[Records from a collection]
______

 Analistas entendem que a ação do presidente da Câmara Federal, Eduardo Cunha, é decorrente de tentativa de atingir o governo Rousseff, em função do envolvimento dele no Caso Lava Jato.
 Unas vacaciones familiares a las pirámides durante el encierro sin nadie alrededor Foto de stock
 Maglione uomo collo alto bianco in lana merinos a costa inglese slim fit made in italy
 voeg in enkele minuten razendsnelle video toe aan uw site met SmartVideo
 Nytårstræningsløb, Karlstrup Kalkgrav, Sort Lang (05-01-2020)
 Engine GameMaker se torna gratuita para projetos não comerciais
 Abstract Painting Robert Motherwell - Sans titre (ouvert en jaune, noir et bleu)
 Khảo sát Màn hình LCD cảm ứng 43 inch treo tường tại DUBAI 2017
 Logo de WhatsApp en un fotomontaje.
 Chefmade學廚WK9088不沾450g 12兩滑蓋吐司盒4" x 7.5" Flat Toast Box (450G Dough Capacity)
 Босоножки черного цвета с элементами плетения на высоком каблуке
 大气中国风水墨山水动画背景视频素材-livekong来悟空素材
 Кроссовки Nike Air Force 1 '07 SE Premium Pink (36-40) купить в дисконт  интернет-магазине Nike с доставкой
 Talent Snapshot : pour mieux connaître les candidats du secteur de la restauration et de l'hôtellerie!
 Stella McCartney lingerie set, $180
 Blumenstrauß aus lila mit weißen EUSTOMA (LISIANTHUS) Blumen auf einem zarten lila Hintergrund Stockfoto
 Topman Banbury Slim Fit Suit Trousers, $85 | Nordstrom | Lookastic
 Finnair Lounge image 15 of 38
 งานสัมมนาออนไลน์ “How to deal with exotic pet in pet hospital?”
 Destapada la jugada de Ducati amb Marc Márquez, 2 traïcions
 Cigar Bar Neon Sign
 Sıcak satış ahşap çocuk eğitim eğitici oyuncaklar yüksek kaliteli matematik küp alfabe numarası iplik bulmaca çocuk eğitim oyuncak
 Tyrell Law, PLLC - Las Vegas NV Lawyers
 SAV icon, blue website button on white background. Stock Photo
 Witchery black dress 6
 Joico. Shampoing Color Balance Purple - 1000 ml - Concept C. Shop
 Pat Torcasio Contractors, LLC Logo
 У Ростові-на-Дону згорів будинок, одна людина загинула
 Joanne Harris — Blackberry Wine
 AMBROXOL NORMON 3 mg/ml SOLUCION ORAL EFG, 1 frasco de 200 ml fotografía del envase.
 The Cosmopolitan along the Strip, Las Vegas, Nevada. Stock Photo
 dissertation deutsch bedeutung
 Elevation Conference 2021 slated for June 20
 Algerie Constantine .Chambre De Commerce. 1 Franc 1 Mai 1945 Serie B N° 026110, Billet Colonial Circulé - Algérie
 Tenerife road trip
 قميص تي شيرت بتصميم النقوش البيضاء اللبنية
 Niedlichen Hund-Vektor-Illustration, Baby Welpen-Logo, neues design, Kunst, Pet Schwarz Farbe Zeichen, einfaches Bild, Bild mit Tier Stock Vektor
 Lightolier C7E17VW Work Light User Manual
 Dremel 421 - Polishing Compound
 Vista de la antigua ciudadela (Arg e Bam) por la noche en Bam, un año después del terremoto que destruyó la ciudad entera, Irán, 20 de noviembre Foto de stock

______

Exercise aim -
Line count for "Vegas": give the number of lines in the data above that include it, and nothing else.

Completed exercise -
2